According to academics, an unstable DRC is considered to be of benefit to extra-regional powers, because what happens in Congolese territory will affect all of Central Africa, the Great Lakes and even the southern region, which is, in sum, the majority of the sub-Saharan area.

Strengthening the imbalance to keep a State under control can benefit the great capitals of the world in this era of the technology of Coltan (columbite-tantalites), which exports are lead by the DRC worldwide receiving of few receiving few remunerations from international trade.

Violence escalates again and now strikes are boost by the opposition race against the president, Joseph Kabila, backed by the security forces, but criticized by civil society due to an alleged desired for a third term at the head of the country, when the Constitution only stipulates two.

Since the end of last year a new lethal dose was added to the violent scenario because political opposition, which agreed in December 2016 with the president the issue of the elections for 2017, considers that the time the the year have already expired.

According to estimates, on average some 5,500 people leave their homes every day in the DRC, where more than 70 armed factions fight for control of resources in a general way, which could lead the country from a crisis to a catastrophe.

The Internal Displacement Monitoring Centre (IDMC) indicated that more than 1.7 million Congolese fled their homes in 2017 due to insecurity, which put the total of displaced persons at four million, more than in the cases of Syria, Yemen and South Sudan, that are at war.
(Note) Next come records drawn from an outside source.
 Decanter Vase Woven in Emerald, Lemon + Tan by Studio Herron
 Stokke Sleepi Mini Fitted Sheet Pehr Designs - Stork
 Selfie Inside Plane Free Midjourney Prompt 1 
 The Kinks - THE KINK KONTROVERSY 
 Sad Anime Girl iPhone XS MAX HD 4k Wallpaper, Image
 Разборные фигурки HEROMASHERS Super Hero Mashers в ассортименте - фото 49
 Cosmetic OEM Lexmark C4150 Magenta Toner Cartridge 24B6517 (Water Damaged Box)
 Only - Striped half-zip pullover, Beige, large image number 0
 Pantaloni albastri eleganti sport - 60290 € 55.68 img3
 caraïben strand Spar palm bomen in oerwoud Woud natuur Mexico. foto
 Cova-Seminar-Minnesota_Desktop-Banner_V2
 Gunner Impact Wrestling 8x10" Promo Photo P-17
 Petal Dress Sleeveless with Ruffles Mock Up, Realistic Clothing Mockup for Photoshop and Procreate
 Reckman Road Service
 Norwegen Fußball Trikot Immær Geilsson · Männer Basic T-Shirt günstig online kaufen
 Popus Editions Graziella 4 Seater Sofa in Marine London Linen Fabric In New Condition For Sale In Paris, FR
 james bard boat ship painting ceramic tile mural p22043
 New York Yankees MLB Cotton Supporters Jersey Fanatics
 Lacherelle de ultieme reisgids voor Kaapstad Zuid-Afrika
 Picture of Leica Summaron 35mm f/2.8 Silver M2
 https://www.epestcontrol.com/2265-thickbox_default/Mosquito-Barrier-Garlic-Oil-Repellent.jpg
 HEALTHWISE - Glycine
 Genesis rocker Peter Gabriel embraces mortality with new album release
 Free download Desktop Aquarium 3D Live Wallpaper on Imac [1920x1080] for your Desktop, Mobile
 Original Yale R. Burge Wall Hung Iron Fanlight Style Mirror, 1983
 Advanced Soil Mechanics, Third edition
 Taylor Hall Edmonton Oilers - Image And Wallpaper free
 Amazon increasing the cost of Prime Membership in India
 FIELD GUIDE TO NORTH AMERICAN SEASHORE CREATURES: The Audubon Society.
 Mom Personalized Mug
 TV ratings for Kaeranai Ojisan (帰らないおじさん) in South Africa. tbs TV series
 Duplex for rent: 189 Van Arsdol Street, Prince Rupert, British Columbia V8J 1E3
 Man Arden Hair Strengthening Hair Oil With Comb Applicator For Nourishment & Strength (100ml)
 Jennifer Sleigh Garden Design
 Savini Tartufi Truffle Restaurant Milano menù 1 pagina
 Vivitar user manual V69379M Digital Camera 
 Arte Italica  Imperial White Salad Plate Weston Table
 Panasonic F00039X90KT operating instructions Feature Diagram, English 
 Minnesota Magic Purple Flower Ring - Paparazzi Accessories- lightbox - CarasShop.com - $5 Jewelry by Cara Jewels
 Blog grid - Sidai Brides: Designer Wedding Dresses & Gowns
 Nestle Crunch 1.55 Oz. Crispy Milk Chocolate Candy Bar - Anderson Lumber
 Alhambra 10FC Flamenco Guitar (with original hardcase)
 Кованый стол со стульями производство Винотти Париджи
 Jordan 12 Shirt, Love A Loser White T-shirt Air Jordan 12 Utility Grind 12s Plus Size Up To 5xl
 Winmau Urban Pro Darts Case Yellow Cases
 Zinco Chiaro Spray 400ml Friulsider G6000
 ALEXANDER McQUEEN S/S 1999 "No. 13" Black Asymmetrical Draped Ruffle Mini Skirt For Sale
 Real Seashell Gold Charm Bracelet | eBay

Clashes between protesters and riot police were staged in the streets, with a high toll of casualties, most of them in Kinshasa, where the events involved devout Catholics: 82 priests were arrested in that capital and 41 in the rest of the country, according to press reports.

The Lay Coordination Committee of the Catholic Church organized on December 31, at the national level, a march to demand the full implementation of the End of the Year Agreement in all its provisions, which confronted the public forces and that triggered tensions that until now seem endless.